In a nutshell
This study investigated the use of progestogen (PTG) to prevent miscarriage in women with recurrent miscarriages (RM).
They found that PTG reduces the chance of miscarriage in following pregnancies.
Some background
Pregnancy loss or miscarriage affects many women. Some women may experience several miscarriages, or recurrent miscarriages (RM). In some cases, the reason for RM is unclear. Progesterone is a female hormone that is very important in pregnancy. Progesterone causes the release of nutrients from glands in the uterus (womb). When the embryo enters the uterus, the uterine lining is primed and ready. The embryo then implants in the uterus. A sac is formed around the embryo and progesterone continues to be produced.

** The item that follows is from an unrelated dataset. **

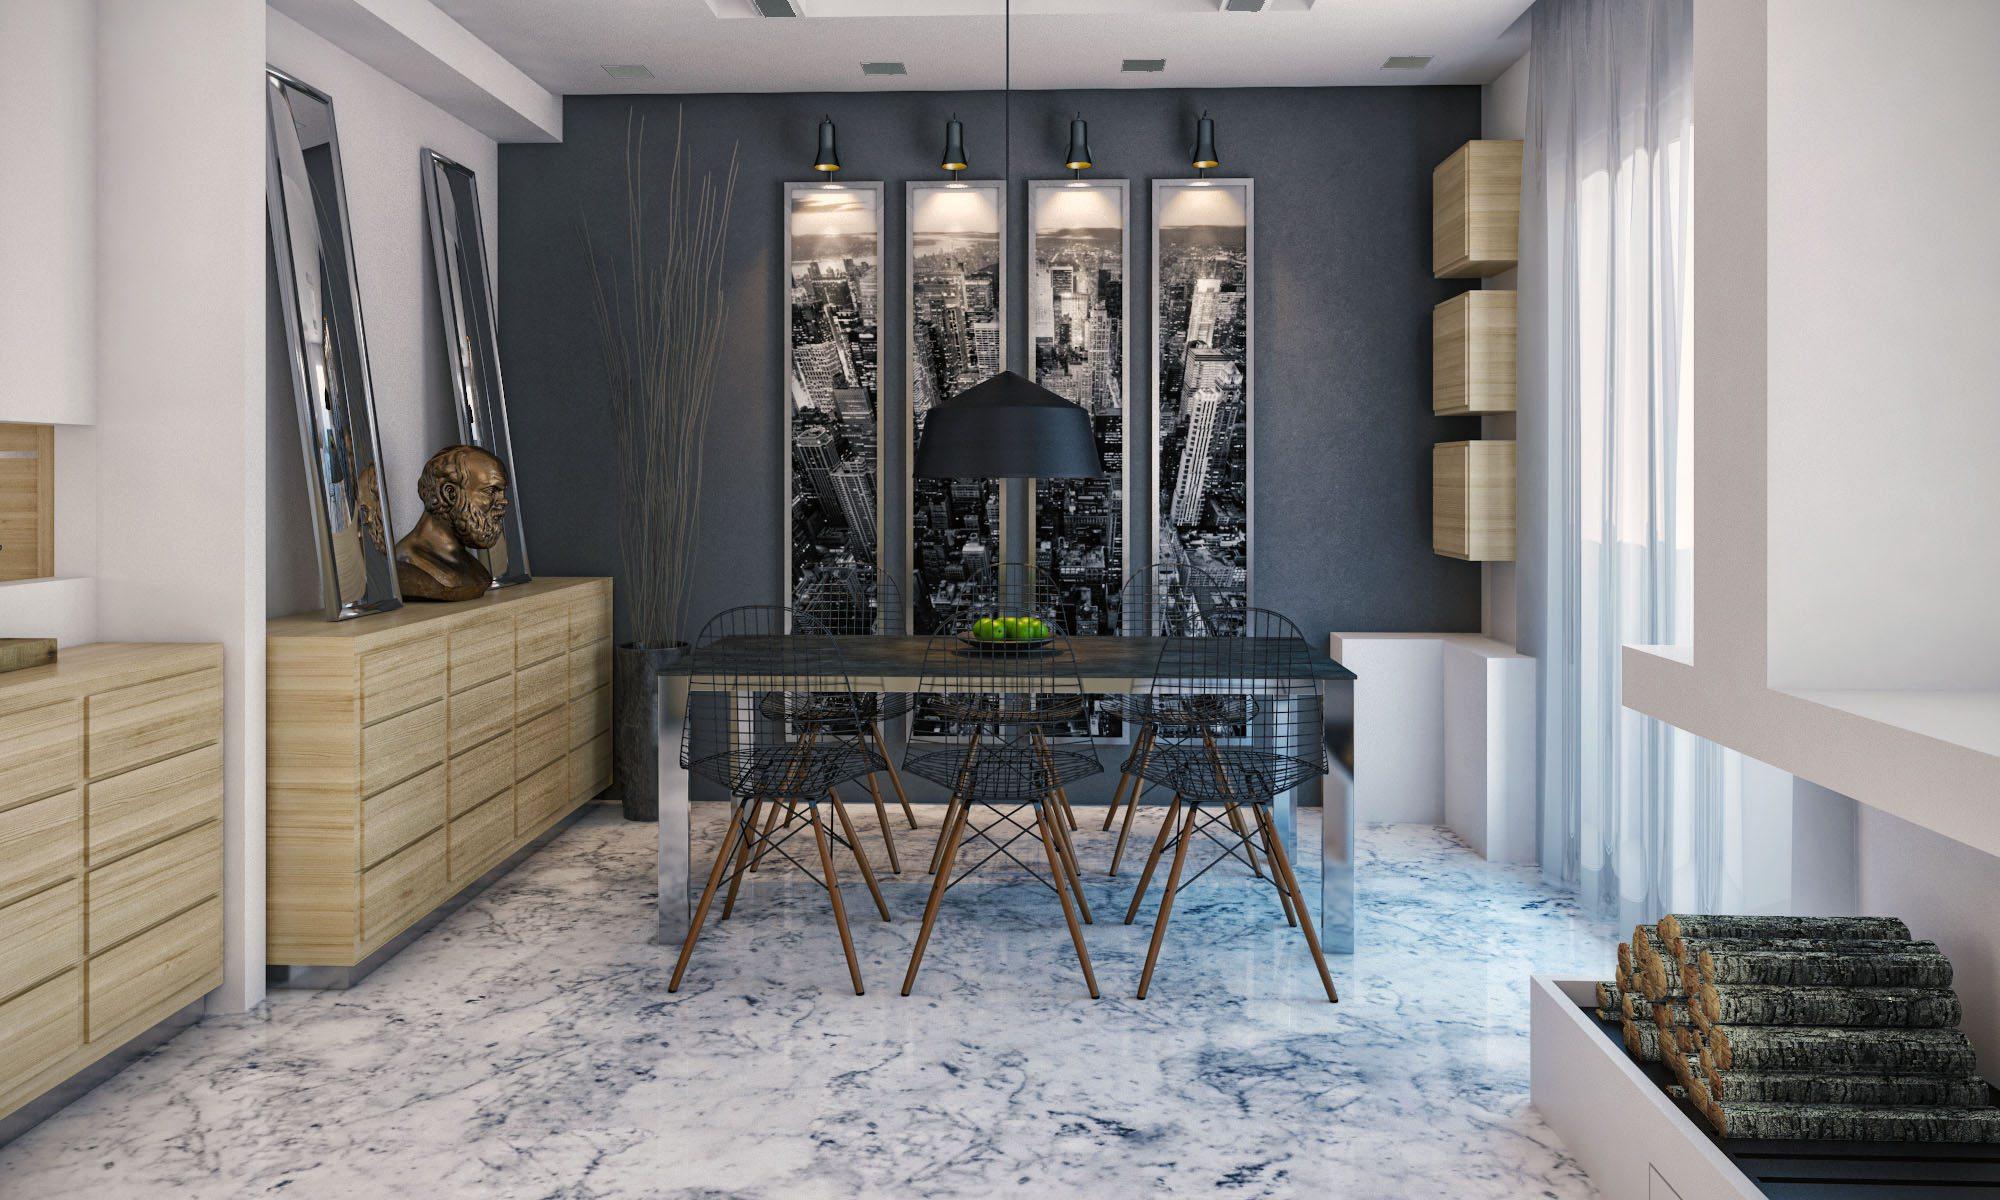 archicostudio_ren-kl05_dining-room

Without enough progesterone, miscarriage can occur. It is thought that RM may be caused by low progesterone levels. Progestogen (PTG) is a synthetic form of progesterone. PTG treatment may be useful in women with a history of RM. There is some debate about the effectiveness and safety of PTG.
Methods & findings
This study reviewed 13 clinical trials that included 2556 women with RM. The authors analyzed the birth outcomes of women treated with PTG compared to placebo (inactive drug) or no treatment. They determined the rates and risks of miscarriage.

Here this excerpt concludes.